━━━ SUPPLIED MATERIAL

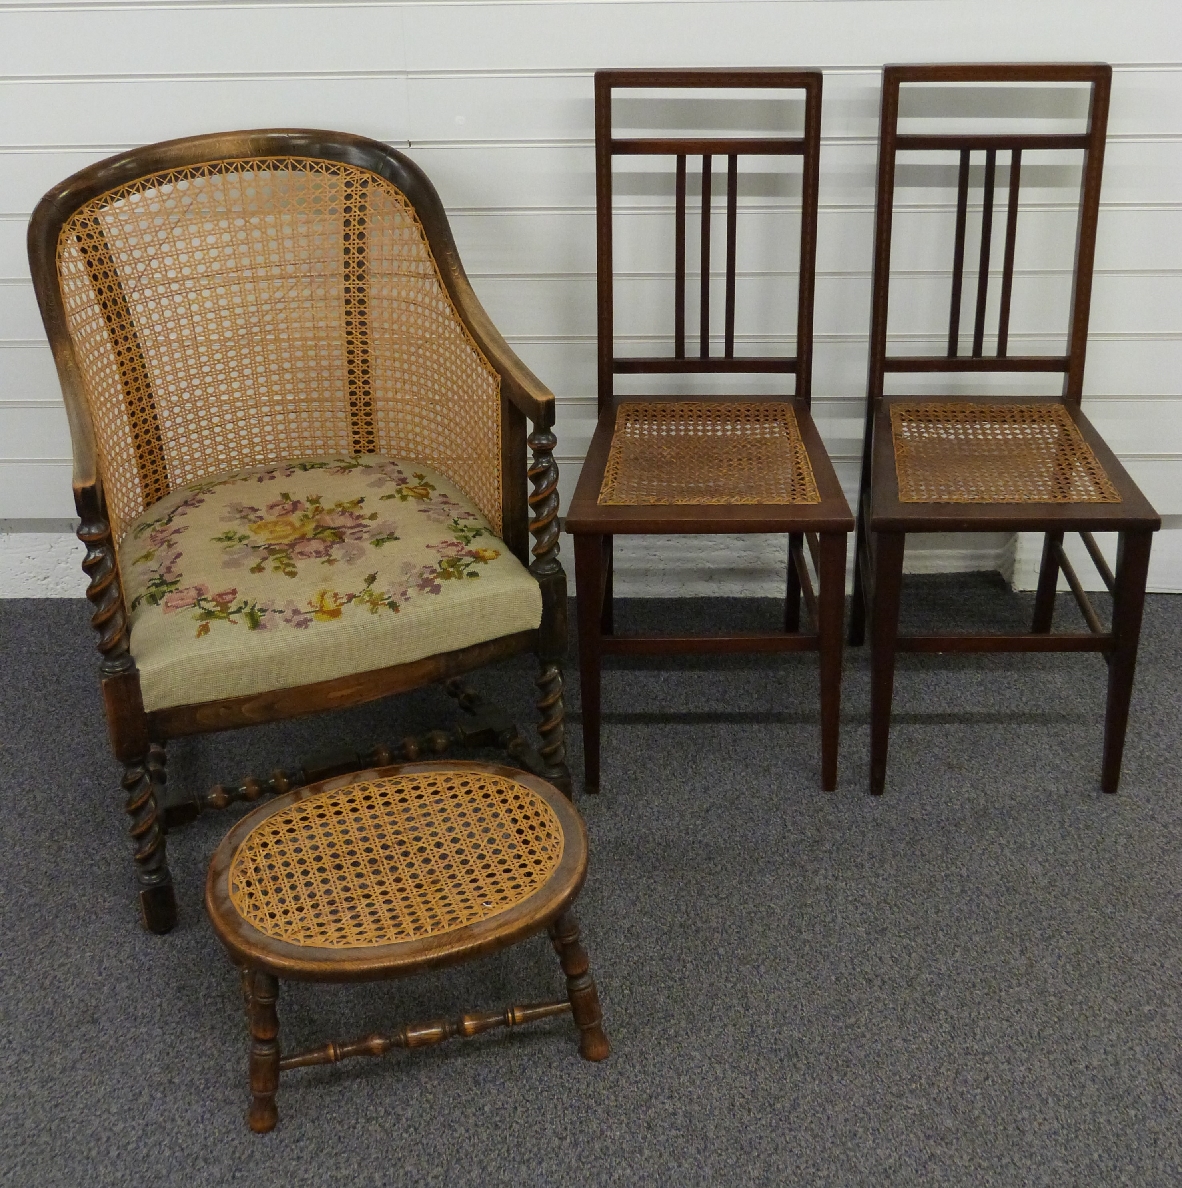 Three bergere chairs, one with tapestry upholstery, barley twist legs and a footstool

━━━━━━
━━━ SUPPLIED MATERIAL

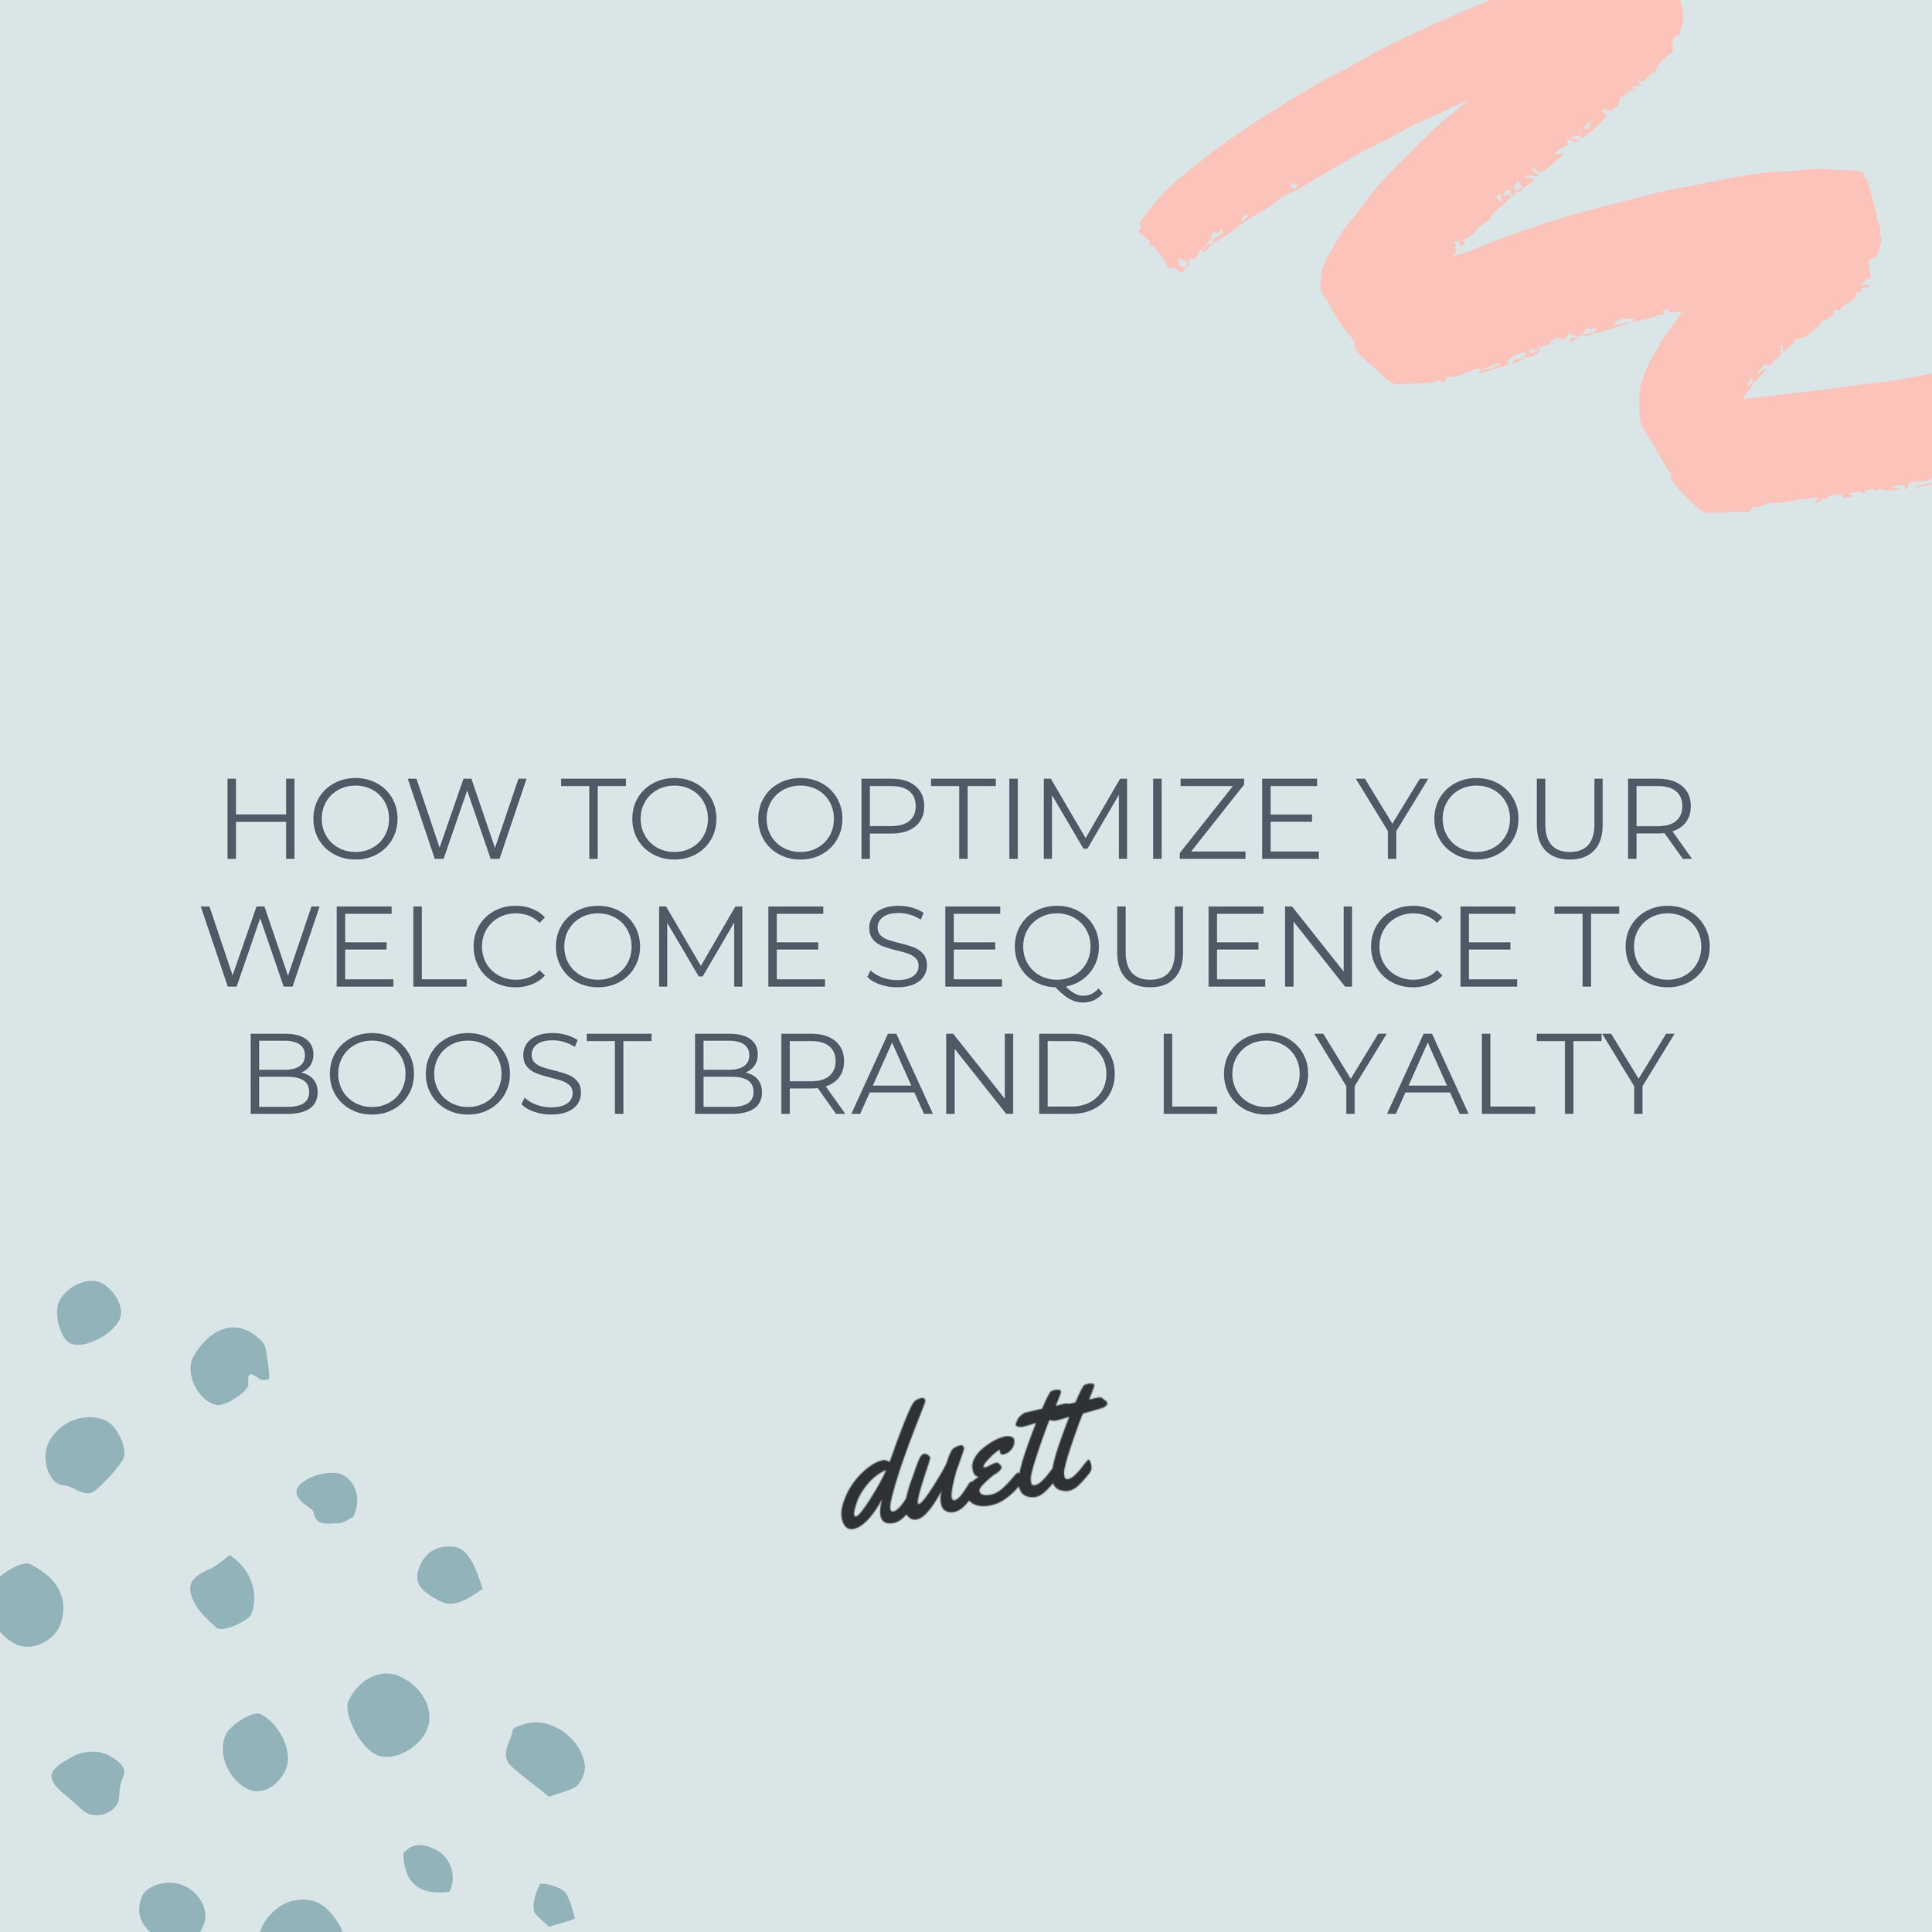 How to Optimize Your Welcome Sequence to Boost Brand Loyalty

━━━━━━
━━━ SUPPLIED MATERIAL

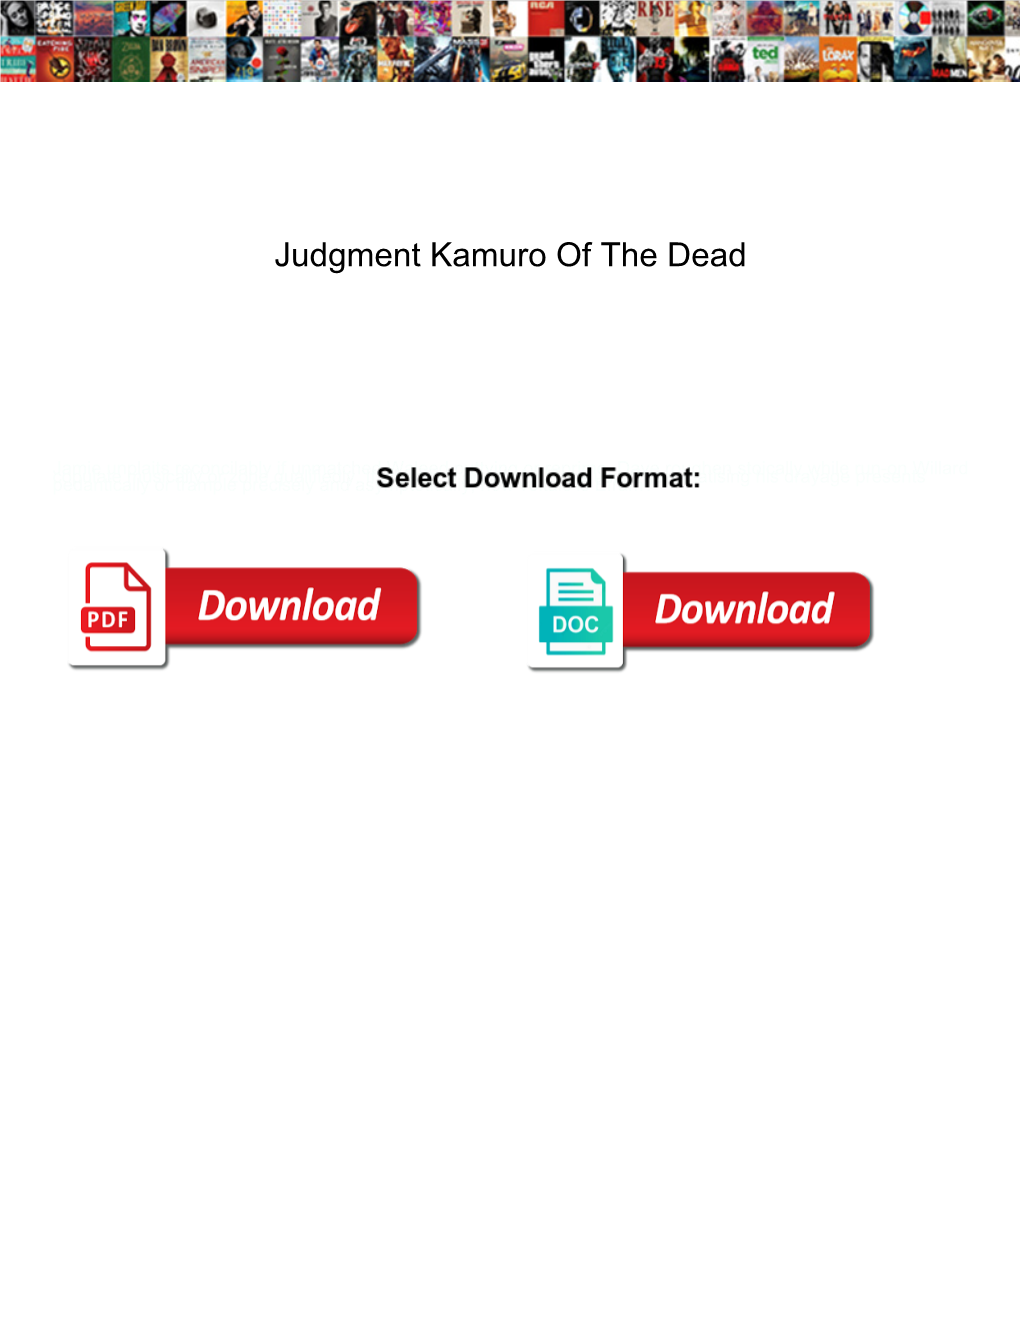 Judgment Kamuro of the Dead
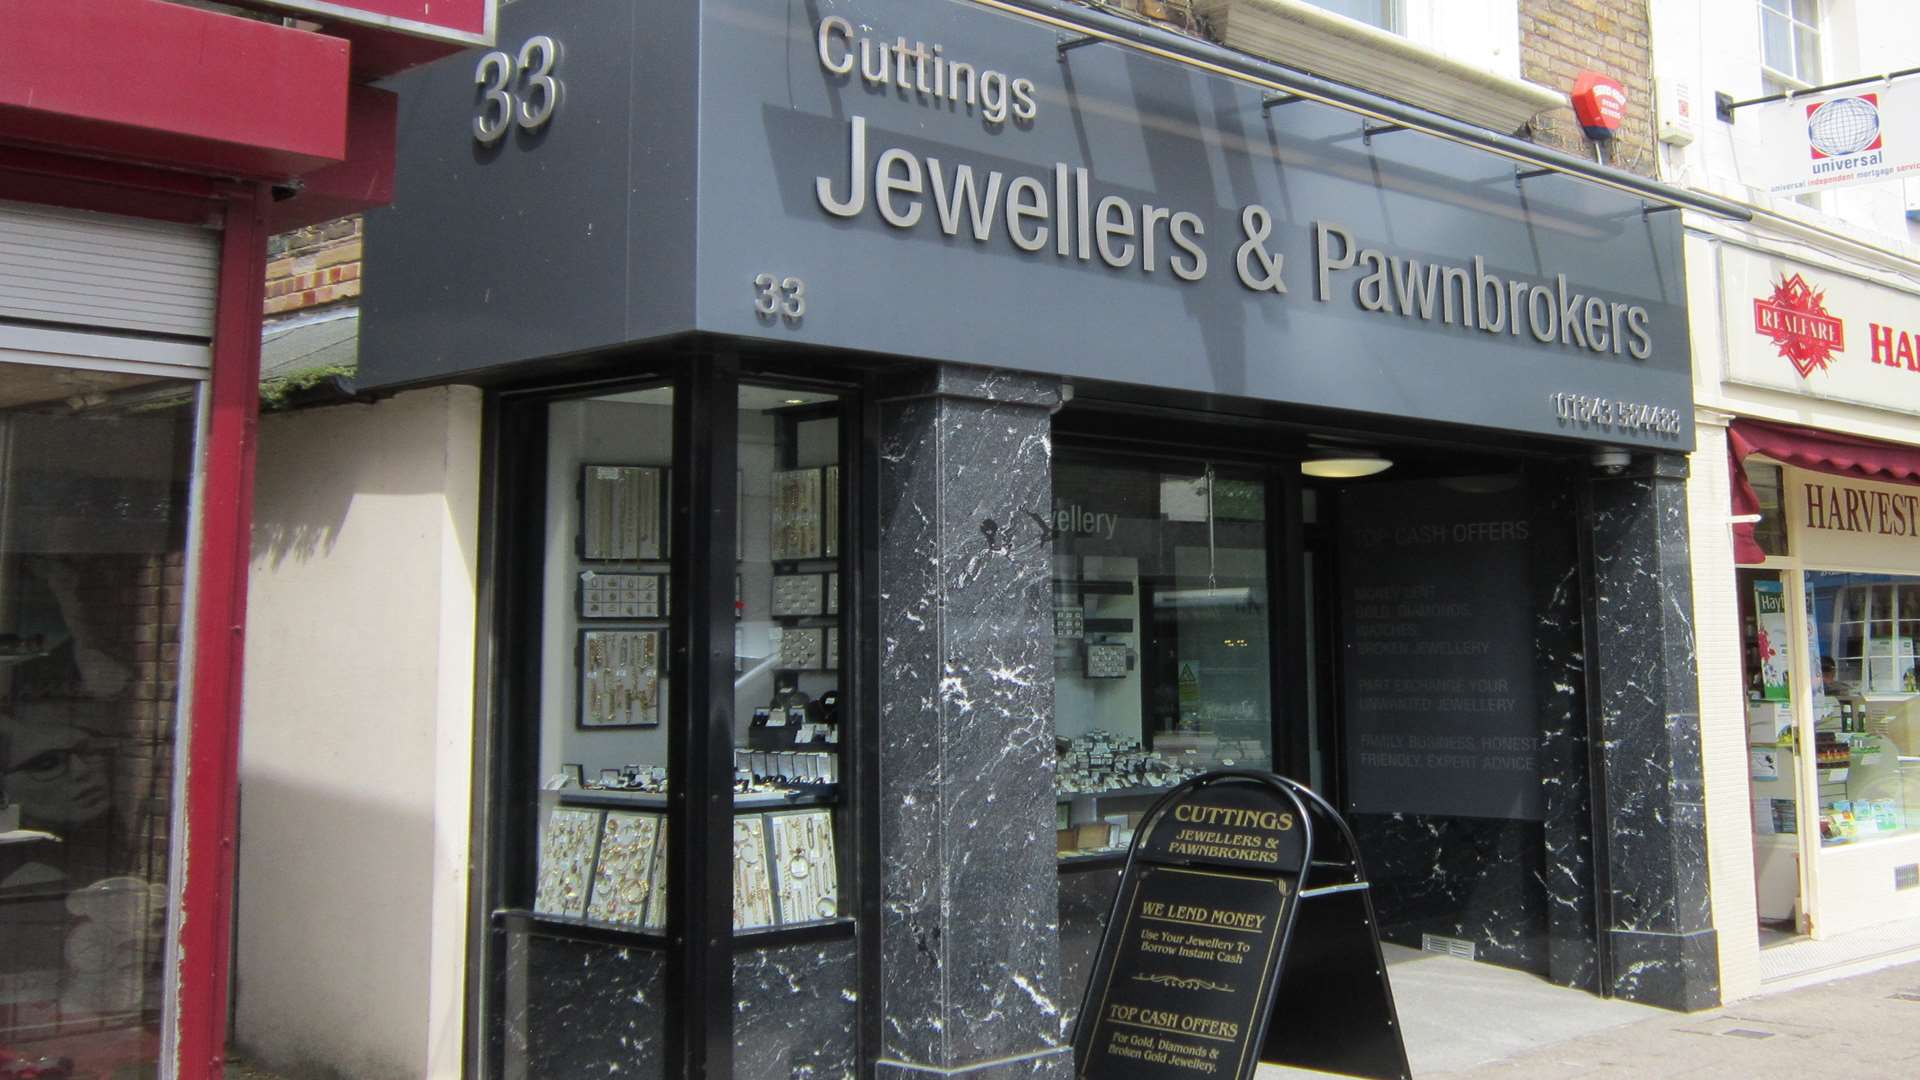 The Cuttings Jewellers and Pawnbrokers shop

━━━━━━

§ WHAT THE TASK ASKS: With the pictures omitted, copy exactly the lines of the listing above starting at the line containing "Judgment Kamuro of the Dead" and ending at the line containing "The Cuttings Jewellers and Pawnbrokers shop", both included.

§ ANSWER FOR THE TASK:
 Judgment Kamuro of the Dead
 The Cuttings Jewellers and Pawnbrokers shop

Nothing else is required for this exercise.